The findings suggested, he said, that "at some point stars will stop forming" altogether, unless solar conditions changed. Scientists did not know the reasons for the decline.
Researchers also told the launch that Herschel had managed to spot an embryonic "massive star" - a celestial object more than eight times the size of our sun. "Massive stars are rare and short-lived," said an ESA statement. "To catch one during formation presents a golden opportunity to solve a long-standing paradox in astronomy."

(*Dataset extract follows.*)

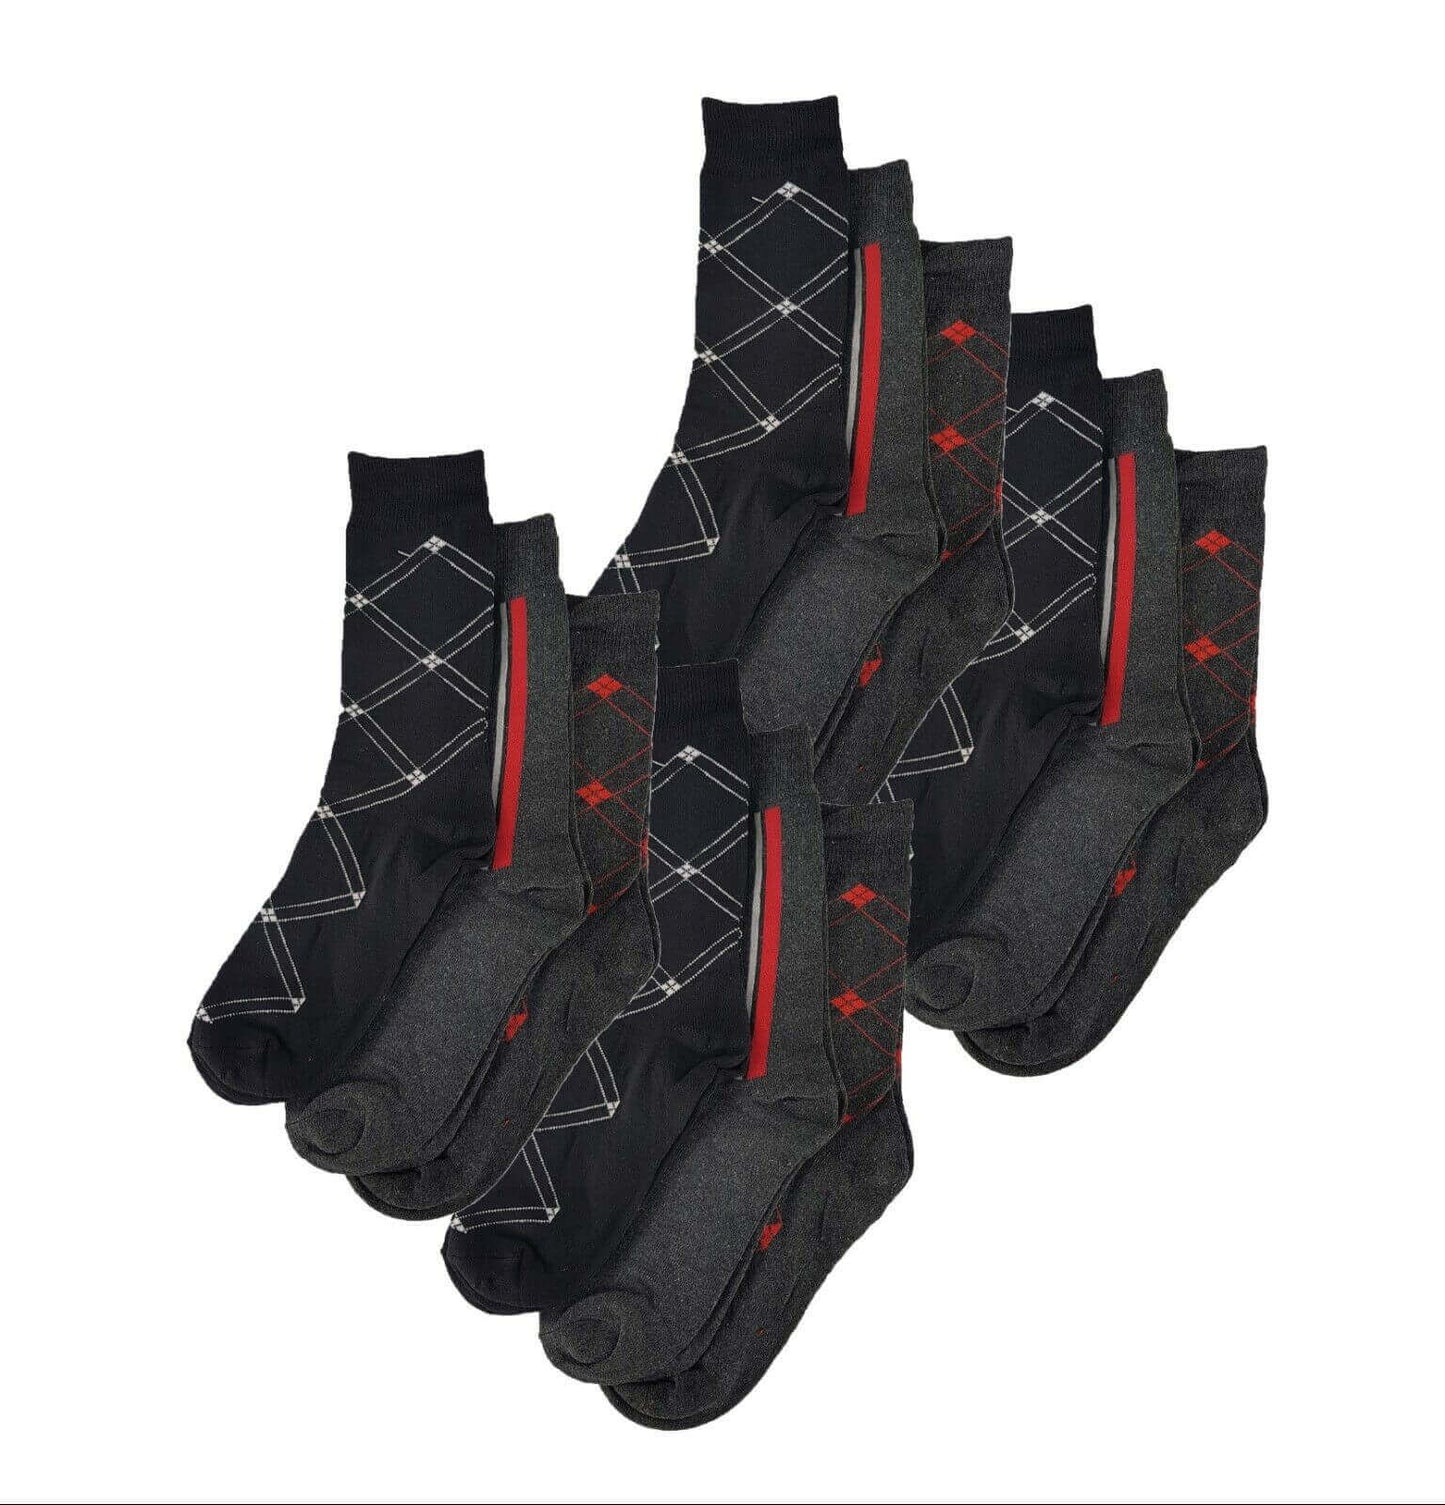 12 Pairs of Men's Designer Socks, Ultimate Formal Shoe Socks, Argyle Stripe Diamond. Buy now for £7.00. A Socks by Sock Stack. 6-11, argyle diamond, assorted, black, boys, casual, comfortable, cotton, dress socks, elastane, formal wear, mens, multi black,

Scientist Annie Zavagno said that radiation emitted by massive stars should destroy them at some point - instead they continue to grow. According to accepted scientific principles, stars should not be able to become more than eight times bigger than our sun. Understanding how these "impossible" stars were formed was critical because they "control the dynamical and chemical evolution of galaxies," said Zavagno. The ESA's director of science and robotic exploration, David Southwood, said "a new universe" was emerging from Herschel's findings. "We can look at the complex chemistry that goes on in space that ultimately has created the things that we are made of," he said.